• [WHAT THE TASK REQUIRES]
Give back, exactly as written, the lines from the beginning of the listing through the one that contains "Home with brick".

• [SUPPLIED MATERIAL]
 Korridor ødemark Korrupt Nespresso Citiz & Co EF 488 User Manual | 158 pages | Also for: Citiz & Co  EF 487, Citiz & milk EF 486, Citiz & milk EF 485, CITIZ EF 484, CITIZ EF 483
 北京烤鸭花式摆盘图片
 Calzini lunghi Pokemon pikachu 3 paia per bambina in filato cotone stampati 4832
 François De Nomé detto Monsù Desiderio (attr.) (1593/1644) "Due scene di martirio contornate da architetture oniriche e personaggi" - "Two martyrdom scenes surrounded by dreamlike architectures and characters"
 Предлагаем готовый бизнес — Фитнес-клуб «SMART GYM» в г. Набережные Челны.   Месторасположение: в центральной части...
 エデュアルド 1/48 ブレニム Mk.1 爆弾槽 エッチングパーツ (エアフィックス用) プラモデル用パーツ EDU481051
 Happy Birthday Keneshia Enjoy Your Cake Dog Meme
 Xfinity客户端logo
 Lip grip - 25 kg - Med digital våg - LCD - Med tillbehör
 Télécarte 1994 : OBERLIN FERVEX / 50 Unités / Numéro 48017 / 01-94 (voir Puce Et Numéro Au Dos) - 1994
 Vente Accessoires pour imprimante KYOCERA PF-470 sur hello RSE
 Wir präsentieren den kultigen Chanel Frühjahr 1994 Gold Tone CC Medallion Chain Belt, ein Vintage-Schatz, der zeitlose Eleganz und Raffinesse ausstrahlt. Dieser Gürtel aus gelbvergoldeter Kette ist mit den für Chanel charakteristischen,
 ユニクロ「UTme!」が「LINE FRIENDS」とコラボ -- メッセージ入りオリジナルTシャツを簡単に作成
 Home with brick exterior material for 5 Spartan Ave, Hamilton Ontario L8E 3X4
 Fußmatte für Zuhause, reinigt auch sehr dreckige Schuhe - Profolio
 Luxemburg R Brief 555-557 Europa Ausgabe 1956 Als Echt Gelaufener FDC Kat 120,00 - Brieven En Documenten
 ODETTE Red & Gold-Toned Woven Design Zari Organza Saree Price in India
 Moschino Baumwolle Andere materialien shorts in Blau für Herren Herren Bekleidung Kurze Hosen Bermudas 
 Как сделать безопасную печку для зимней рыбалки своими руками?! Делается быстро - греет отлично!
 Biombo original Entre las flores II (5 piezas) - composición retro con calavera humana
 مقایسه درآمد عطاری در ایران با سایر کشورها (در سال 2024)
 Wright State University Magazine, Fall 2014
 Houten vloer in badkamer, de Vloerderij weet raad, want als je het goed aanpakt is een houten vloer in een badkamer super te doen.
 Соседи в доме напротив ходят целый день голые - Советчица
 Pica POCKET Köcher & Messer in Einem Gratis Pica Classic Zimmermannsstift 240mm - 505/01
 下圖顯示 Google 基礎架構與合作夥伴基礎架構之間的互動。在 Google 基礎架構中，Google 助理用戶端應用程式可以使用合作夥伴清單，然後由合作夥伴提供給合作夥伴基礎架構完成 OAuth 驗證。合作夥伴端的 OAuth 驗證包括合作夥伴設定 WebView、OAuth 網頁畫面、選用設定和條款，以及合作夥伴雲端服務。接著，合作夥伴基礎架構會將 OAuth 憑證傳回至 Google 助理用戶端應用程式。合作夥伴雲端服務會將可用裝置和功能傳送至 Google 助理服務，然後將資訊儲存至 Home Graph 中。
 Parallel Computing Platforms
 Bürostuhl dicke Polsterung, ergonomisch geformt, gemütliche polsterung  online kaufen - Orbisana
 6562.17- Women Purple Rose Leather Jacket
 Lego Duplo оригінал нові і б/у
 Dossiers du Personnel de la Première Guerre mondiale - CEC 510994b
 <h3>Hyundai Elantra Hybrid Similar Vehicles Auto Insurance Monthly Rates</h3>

• [EXPECTED ANSWER]
 Korridor ødemark Korrupt Nespresso Citiz & Co EF 488 User Manual | 158 pages | Also for: Citiz & Co  EF 487, Citiz & milk EF 486, Citiz & milk EF 485, CITIZ EF 484, CITIZ EF 483
 北京烤鸭花式摆盘图片
 Calzini lunghi Pokemon pikachu 3 paia per bambina in filato cotone stampati 4832
 François De Nomé detto Monsù Desiderio (attr.) (1593/1644) "Due scene di martirio contornate da architetture oniriche e personaggi" - "Two martyrdom scenes surrounded by dreamlike architectures and characters"
 Предлагаем готовый бизнес — Фитнес-клуб «SMART GYM» в г. Набережные Челны.   Месторасположение: в центральной части...
 エデュアルド 1/48 ブレニム Mk.1 爆弾槽 エッチングパーツ (エアフィックス用) プラモデル用パーツ EDU481051
 Happy Birthday Keneshia Enjoy Your Cake Dog Meme
 Xfinity客户端logo
 Lip grip - 25 kg - Med digital våg - LCD - Med tillbehör
 Télécarte 1994 : OBERLIN FERVEX / 50 Unités / Numéro 48017 / 01-94 (voir Puce Et Numéro Au Dos) - 1994
 Vente Accessoires pour imprimante KYOCERA PF-470 sur hello RSE
 Wir präsentieren den kultigen Chanel Frühjahr 1994 Gold Tone CC Medallion Chain Belt, ein Vintage-Schatz, der zeitlose Eleganz und Raffinesse ausstrahlt. Dieser Gürtel aus gelbvergoldeter Kette ist mit den für Chanel charakteristischen,
 ユニクロ「UTme!」が「LINE FRIENDS」とコラボ -- メッセージ入りオリジナルTシャツを簡単に作成
 Home with brick exterior material for 5 Spartan Ave, Hamilton Ontario L8E 3X4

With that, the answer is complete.